After 6 years in a community of several hundred residences less than two miles
from a town that does have DSL service, they still couldn't be bothered to
drop in a local junction (I'm forgetting my terminology; whatever box it is
that can take the place of a local switching center these days in providing
DSL service) so that I and my neighbors would be within what they consider an
acceptable range for service. This was a couple of years ago; I haven't
bothered to check since.

A few towns further downstate finally got so frustrated that they made plans
to roll their own connectivity. AT&T took them to court and lobbied the state
legislature to prevent them from proceeding.

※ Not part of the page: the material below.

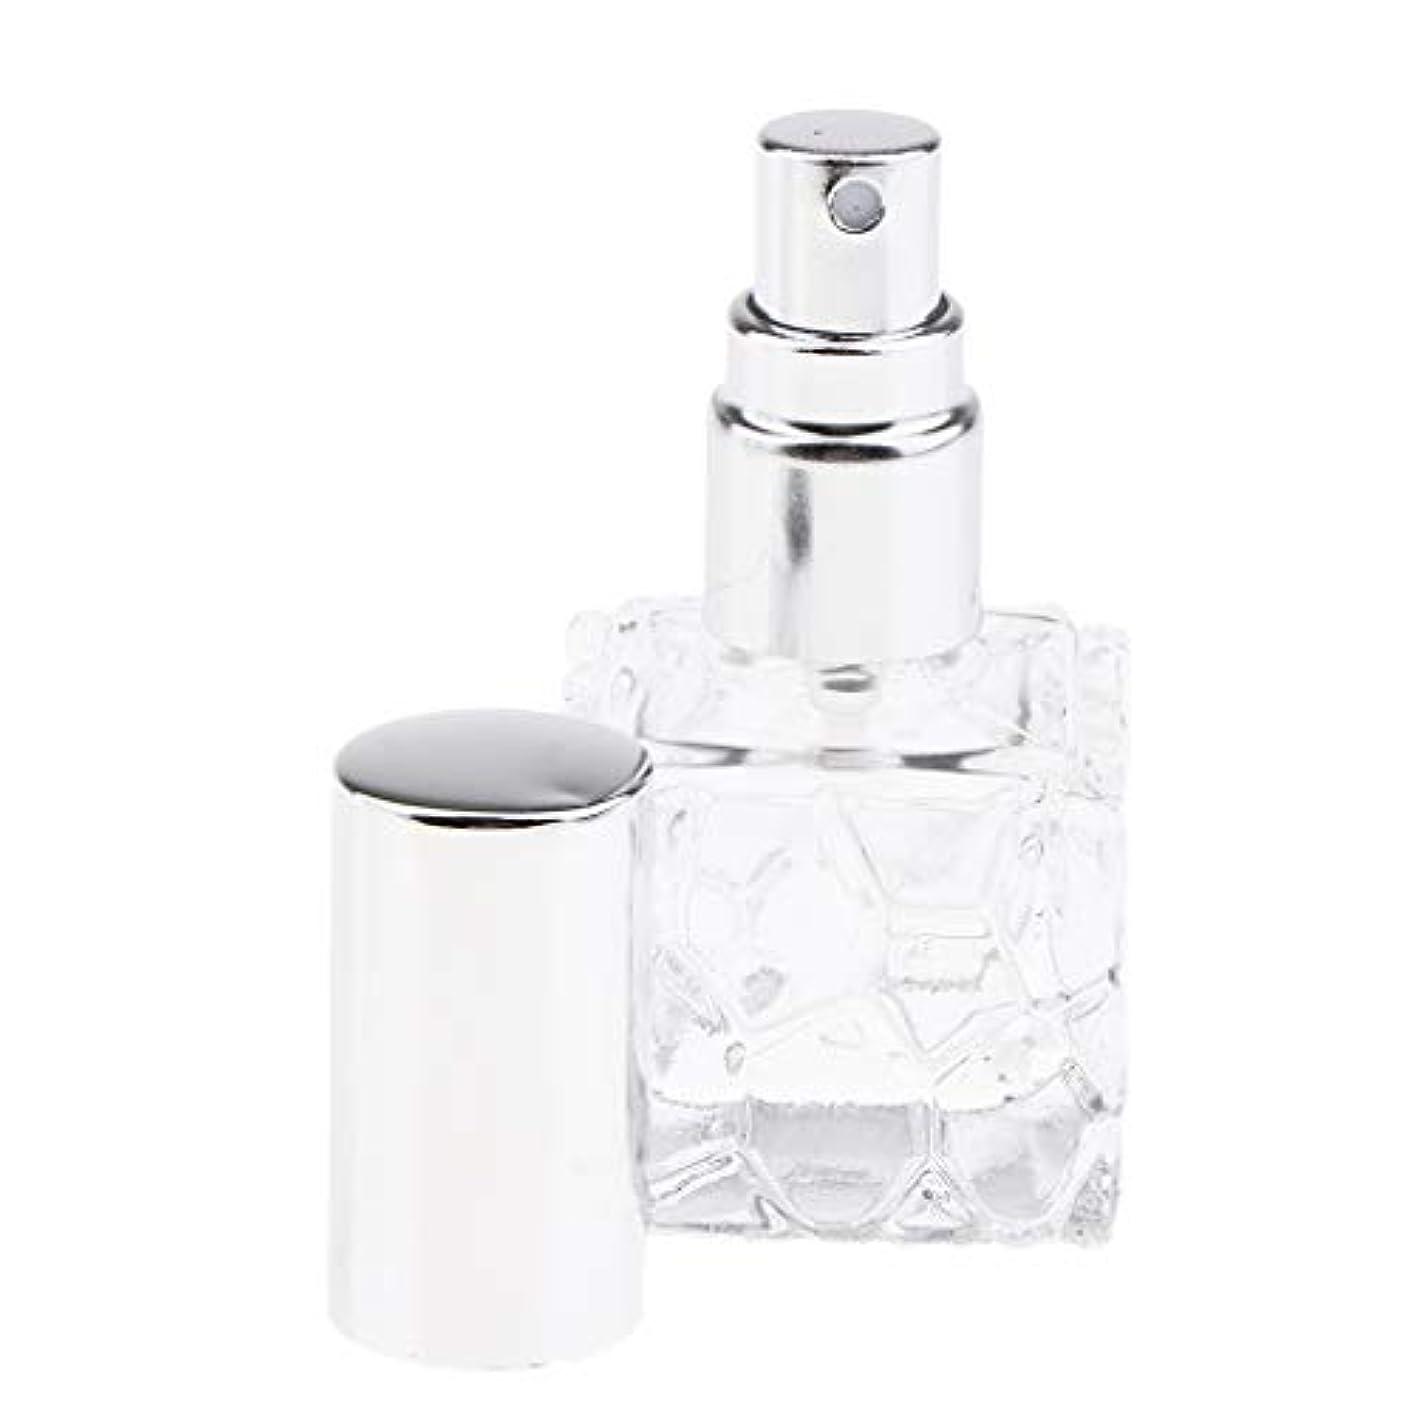 被る他の場所バーストスプレーボトル ガラス 詰め替え式 ファインミストスプレー アロマ保存 香水 保存 2種選択でき - 10ml 3個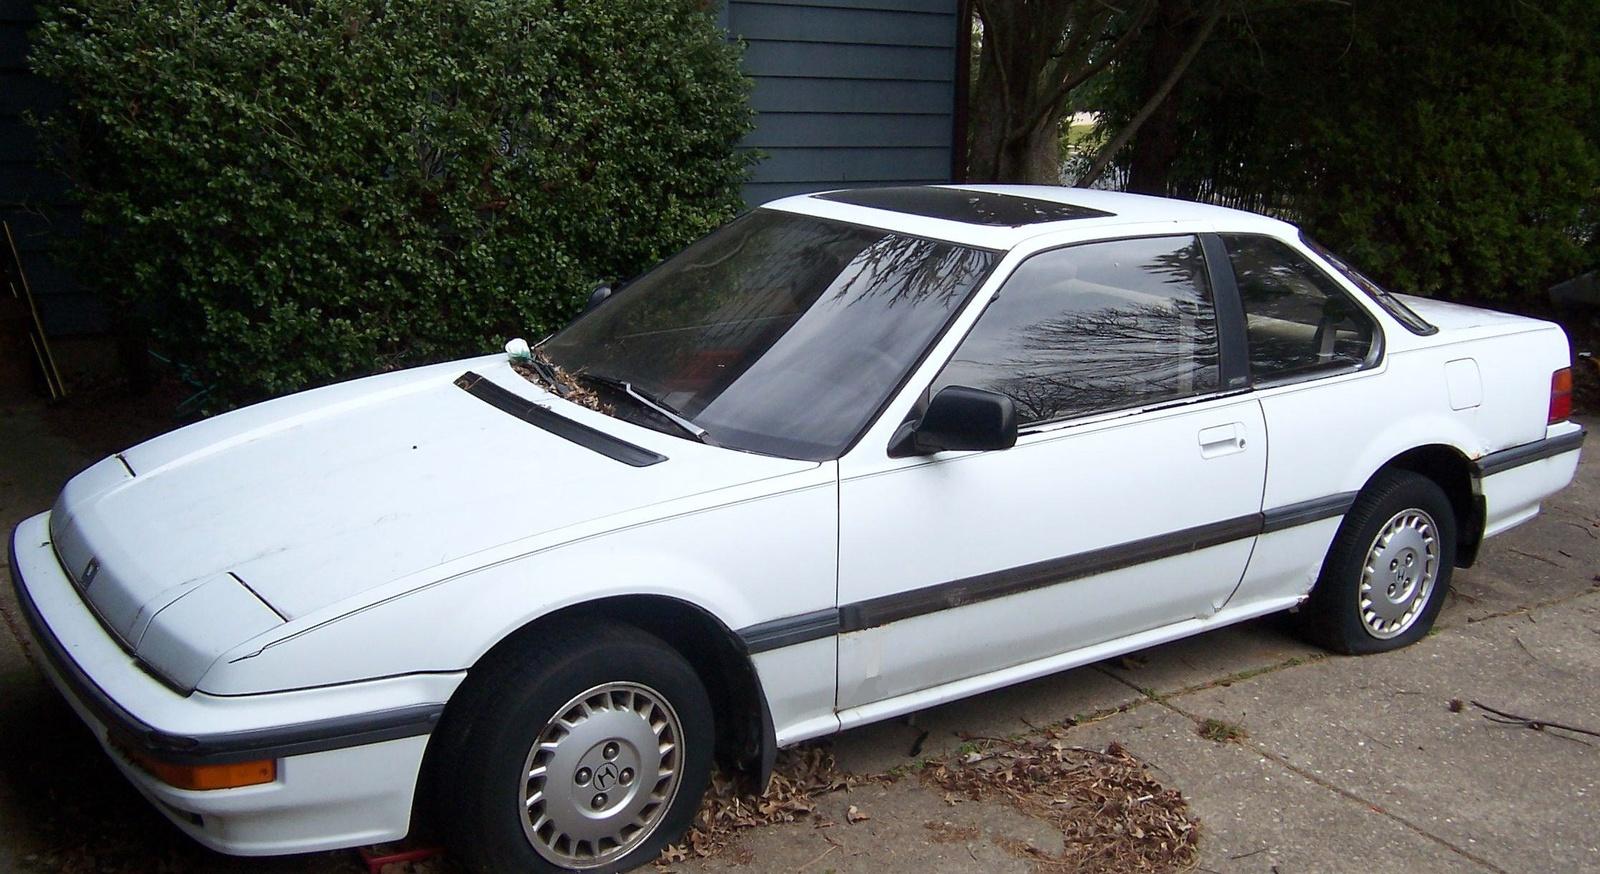 1989 Acura Integra >> 1988 Honda Prelude - Pictures - CarGurus

Back before my last move, I had DSL from SBC (maybe at that time still
Ameritech/SBC; and which has since purchased the AT&T name). Phoning up to
place the order, the call was answered within a few seconds. Installation
itself took three scheduled visits, each requiring a half-day window of my
availability (so, off from work), before someone actually showed up to fill
the order. Then, they did an absolute crap job, leaving a bare wire-to-wire
connection hanging on the ouside of the building. My downstairs neighbor had a
friend stop by who was an actual line technician for the telephony part of
SBC. That fellow was kind enough to go up and clean up and tape over that
connection, as a favor to his friend. Turns out the DSL installers they were
sending out were subcontractors.

After that, connectivity would go down frequently. When it was up, traceroute
would show a _blank_ -awful lot of bouncing around SBC servers (sometimes
close to 10, perhaps more) before a request escaped to the internet. One time
when I called for service, I reached a nice support tech who was at the point
of boiling over (at the situation, not me). She described how they were
subcontractors who filed tickets that were then serviced by other
subcontractors (IIRC). When people called up, there was literally nothing more
she could do than file a ticket, and she could get no further feedback on the
status of that ticket.

I ended up spending about thirty minutes talking to her as she calmed down. It
didn't matter with respect to her keeping her job; she'd decided to leave her
position the following week. I feel a little guilty that this tied her up, but
she just needed someone to vent to after banging her head against the
proverbial wall of SBC tech support for too long.

SBC, now AT&T, is one of the few companies I have an immediate aversion to
giving any business whatsoever. I know some individual employees who are just
fine. But management, particularly senior management and the policies they
promulgate, are simply evil.

I hesitate a bit to post this. HN generally isn't a place I consider griping
appropriate. But this company's behavior serves such an exemplary role of how
_not_ to do business (unless you are a de facto regional monopoly (as they
were at that time) and part of a national oligarchy), that it is perhaps
instructional.

Oh, and it's been a while, but IIRC SBC was given many millions of dollars in
concessions and dismissal of legal charges, in return for their agreement,
among other things, to accelerate and thoroughly roll out statewide high speed
Internet (DSL). The above description is an example of how they failed to
honor this commitment. Instead, they spent their time lobbying the state
legislature to have the terms of the agreement altered to exempt them from
having to honor it. One example of another lesson demonstrated repeatedly in
the state and region: Such concessions, tax breaks, etc. rarely pay off for
the states and communities that make them.

I have no great love for any of the major telcos, nor the major cable
companies (shudder), but the Death Star is in a class unto itself.